Anche quest’anno, a natale, ho ricevuto una placchette in edizione non venale che le figlie di Gina Lagorio, Simonetta e Silvia, mandano agli amici in ricordo della loro Mamma. Ricordo di cui io sono loro sempre molto grata, ricordando la mia amicizia con la scrittrice e in particolare quando “la Gina” veniva a casa mia, già malata, accompagnata dalle figlie, per partecipare alle riunioni dell’Asocazione Aria Protetta, da me fondata assieme ad Angelo Gaccione, per cercare – inutilmente – di fare causa al comune di Milano per i danni alla salute dovuti all’inquinamento. Impresa, come si vede, fallimentare a cui avevano anche partecipato alcuni nomi importanti della Cultura. Avevamo unito le forze allora anche con Dario Fò, oltre all’Associazione delle mamme che vedevano numerosi casi di asma fra i loro bambini.
Mi piace pubblicare qualche pagina di questo delizioso racconto di Gina Lagorio che parla della zucca e ne fa le lodi, ma ne approfitto, come ho già detto a Silvia e Simonetta, per smentirla: Non e vero che i poeti non lodano mai le zucche. Io personalmente ho scritto sulla zucca una poesia zen, nella quale a zucca simboleggia un cammino di umiltà nella spiritualità. E che qui anche voglio ricordare.

d.b.

Ti saluto e ti logo, la mia zucca ilare e gentile, inerme e generosa, spontanea e sorridente, che ti arrampichi senza fatica, senza fatica fai ombra, senza fatica regali fiori foglie frutti. non chiedi molto in cambio: ma di darti quello che vuoi, nel caldo delle sere di luglio e di agosto, com la lunga gomma che risale le tue volute e ti irrora e insieme irrora chi ti ama, è stata una gioia pura, uno dei molti piaceri dell’estate.
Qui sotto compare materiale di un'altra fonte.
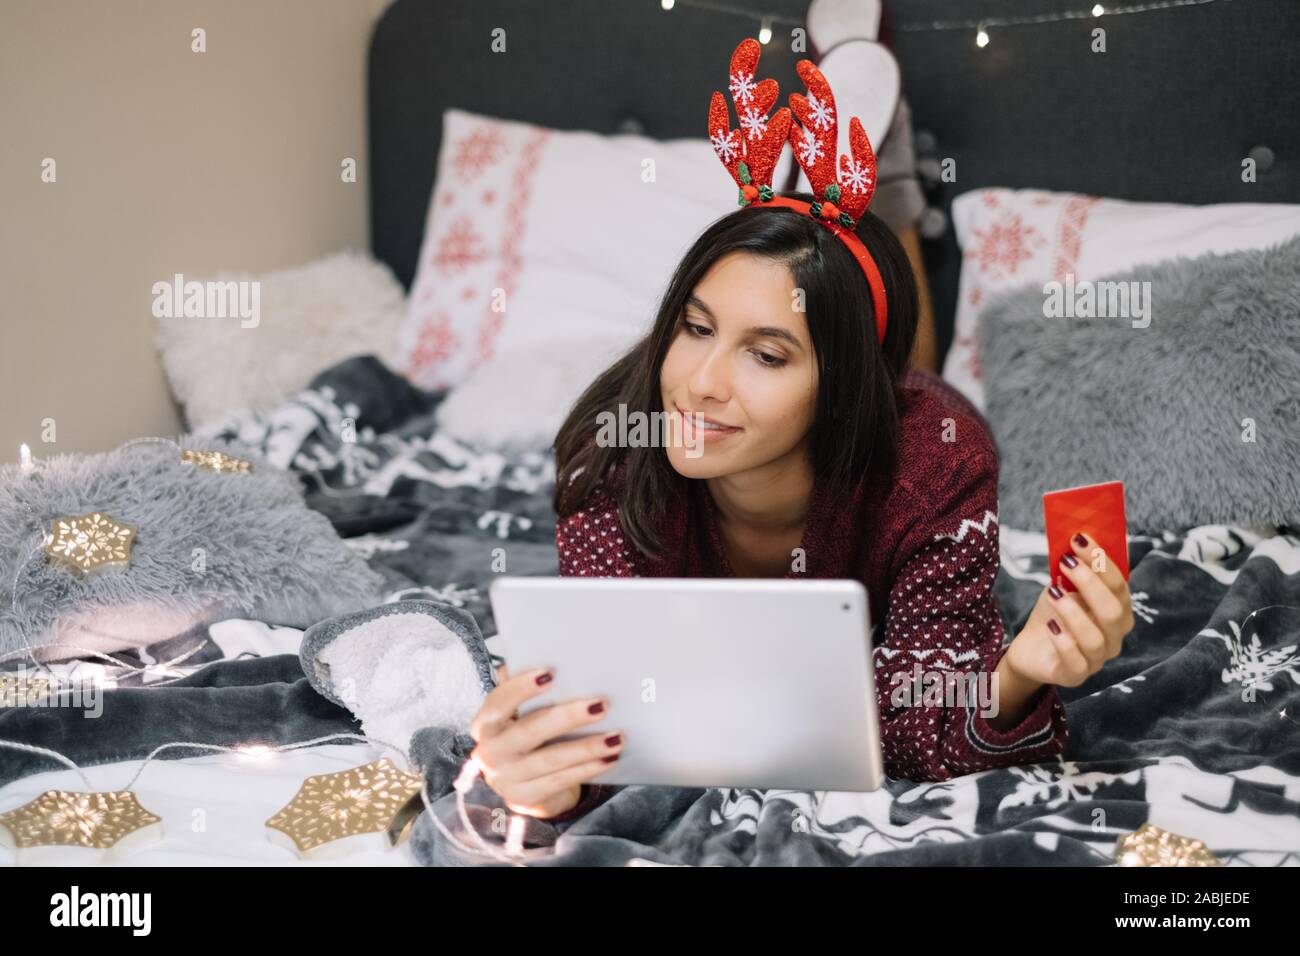 Young girl laying on stomach on bed while using tablet Stock Photo
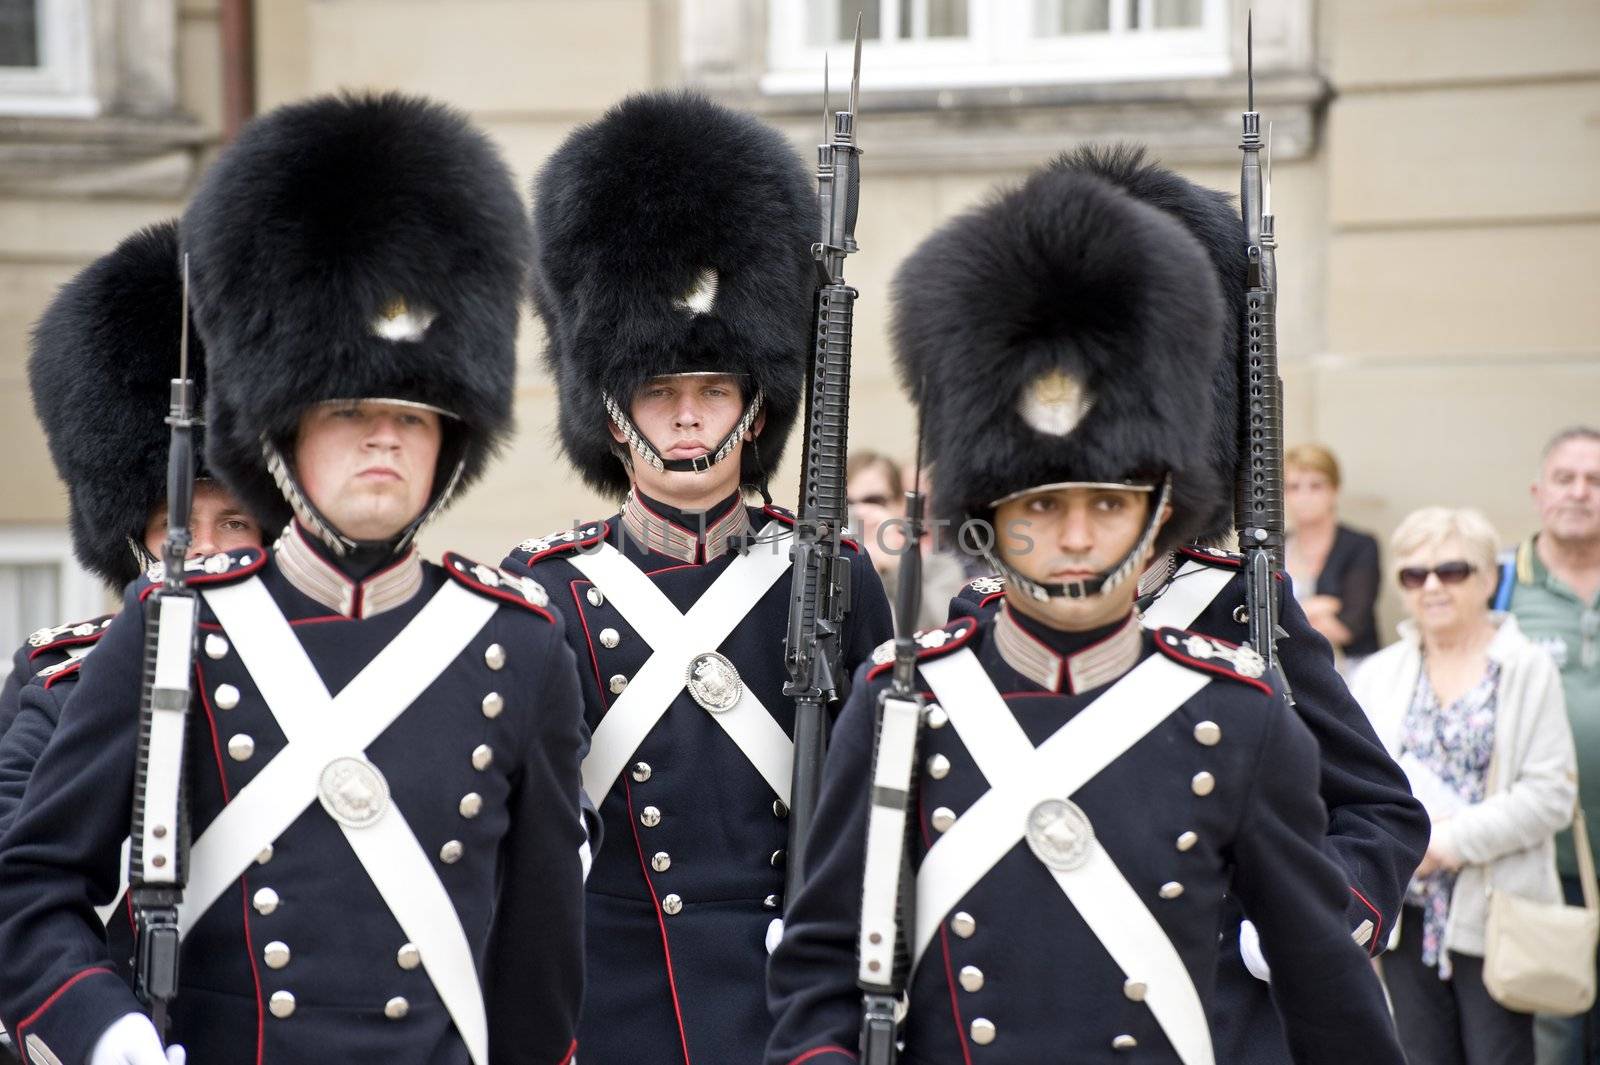 The Royal Danish Guard patrols the royal residence Amalienborg Palace and serves the royal Danish family. Amalienborg is also known for the Danish Royal Guard, who patrol the palace grounds. The Danish Royal Guard march from Rosenborg Castle at 11.30am daily through the streets of Copenhagen, and execute the changing of the guard in front of Amalienborg Palace at noon. When the Queen is in reside

Ogni mattino alzandomi mi hai salutato in modo diverso: un dialogo ininterrotto variato, fiducioso si è stabilito tra di noi, giorno per giorno. E una volta era la serpentina dei viticci che aspettava me per sistemarsi più comoda sulla canna lungo il muro o sulle trasversali che sono pronte a prepararmi, per merito tuo, una tettoia di verde rinfrescante; e un’altra volta erano uno o due o tre giorni gialli, spalancati come bocche ridenti, o altri fiori più piccoli, più pudichi e timidi, come trombette pendule e gentili; un’altra ancora la sorpresa massima: una linguetta chiara, un filino argenteo, ma sì è un neonati, evviva!
[…]
Non sapevo più credere possibile che la zucca sia diventata sinonimo di stupidità. Ma allora adattarsi alla propria condizione e dare il massimo che si può, è segno di stupidità? O Macchiavelli, o Giucciardini o Giovanna Botero, o manigoldi cinici e scettici che ci avete ben preparato alle acrobazie dei politici e dei causidici d’oggi, solo gente della vostra razza può aver così calunniato la nobile zucca. “Chi disconoscerti cerchiato ha i lesso (e anche il cuore) di fredda tenebra”. Vorrei dirlo a gran voce, ma mi pare impensabile che qualcuno non l’abbia già fatto. Sarebbe la meraviglia nelle meraviglie: che nessun mistico, lodatore della bontà divina, nessun filosofo adoratore della natura, nessun pedagogista ammiratore della creatività spontanea, nessun cultore di Eros e della sua prolificità, abbia mai sentito il dovere, il bisogno, il gusto di cantare le glorie della zucca.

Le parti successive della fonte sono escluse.